PKD1 Mutation Is a Biomarker for Autosomal Dominant Polycystic Kidney Disease

Tomoki Kimura  1 Haruna Kawano  1   2 Satoru Muto  1   2   3 Nobuhito Muramoto  1   4 Toshiaki Takano  5 Yan Lu  1 Hidetaka Eguchi  5 Hiroo Wada  6 Yasushi Okazaki  5 Hisamitsu Ide  1   7 Shigeo Horie  1   2   7
Affiliations

PKD1 Mutation Is a Biomarker for Autosomal Dominant Polycystic Kidney Disease

Tomoki Kimura et al. Biomolecules. .

Abstract

Background: Autosomal dominant polycystic kidney disease (ADPKD) occurs in 1 in 500-4000 people worldwide. Genetic mutation is a biomarker for predicting renal dysfunction in patients with ADPKD. In this study, we performed a genetic analysis of Japanese patients with ADPKD to investigate the prognostic utility of genetic mutations in predicting renal function outcomes.

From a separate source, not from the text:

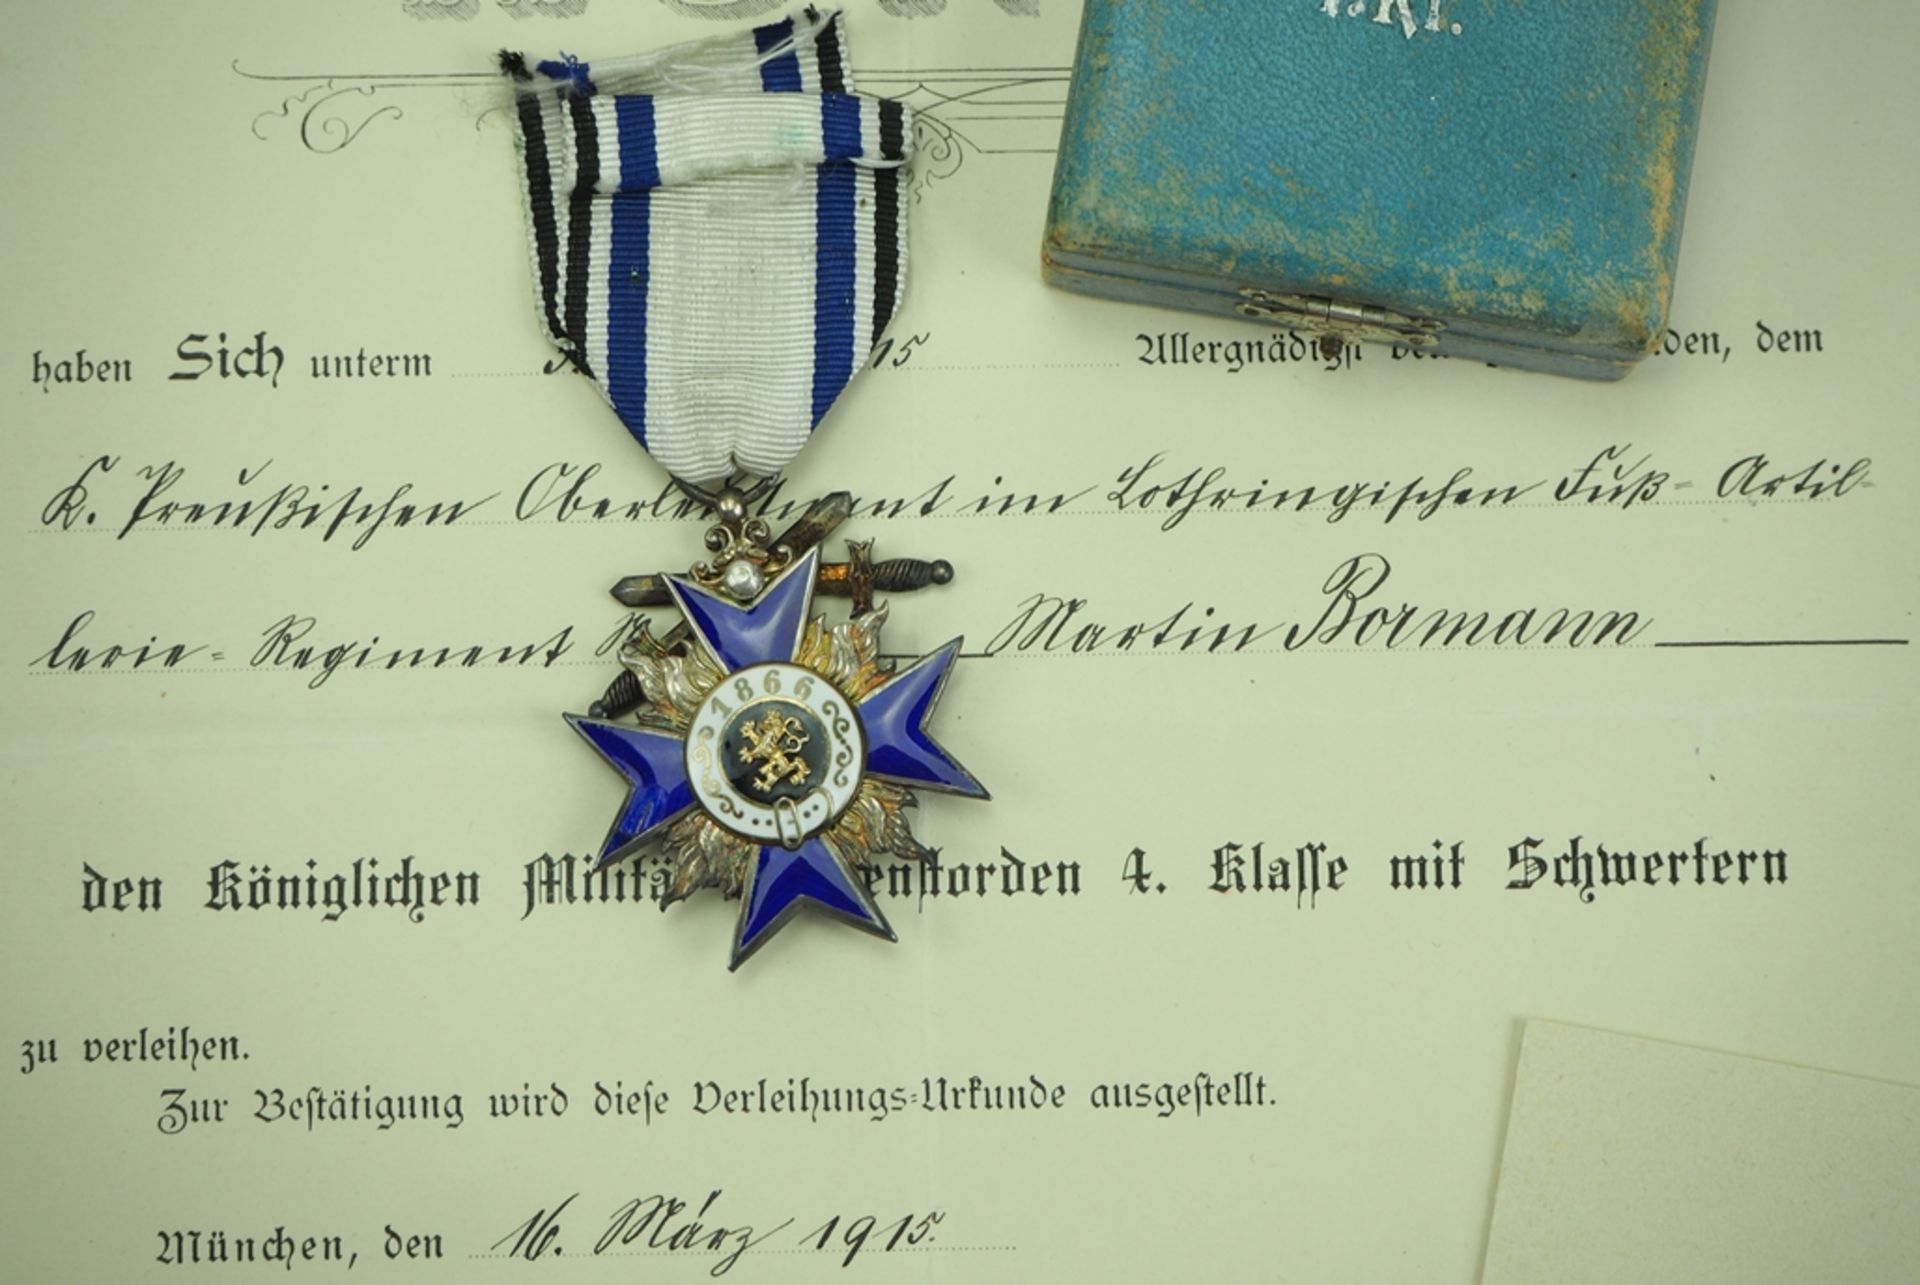 Bayern: Militär-Verdienst-Orden, 4. Klasse mit Schwertern, im Etui und Urkunde für einen Armee-Beob - Image 2 of 3

Methods: Patients clinically diagnosed with ADPKD underwent a panel genetic test for germline mutations in PKD1 and PKD2. This study was conducted with the approval of the Ethics Committee of Juntendo University (no. 2019107).

Results: Of 436 patients, 366 (83.9%) had genetic mutations. Notably, patients with PKD1 mutation had a significantly decreased ΔeGFR/year compared to patients with PKD2 mutation, indicating a progression of renal dysfunction (-3.50 vs. -2.04 mL/min/1.73 m2/year, p = 0.066). Furthermore, PKD1 truncated mutations had a significantly decreased ΔeGFR/year compared to PKD1 non-truncated mutations in the population aged over 65 years (-6.56 vs. -2.16 mL/min/1.73 m2/year, p = 0.049). Multivariate analysis showed that PKD1 mutation was a more significant risk factor than PKD2 mutation (odds ratio, 1.81; 95% confidence interval, 1.11-3.16; p = 0.020).

Conclusions: The analysis of germline mutations can predict renal prognosis in Japanese patients with ADPKD, and PKD1 mutation is a biomarker of ADPKD.

Keywords: ADPKD; PKD1 mutation; analysis of germline mutations; biomarkers; predicting renal prognosis.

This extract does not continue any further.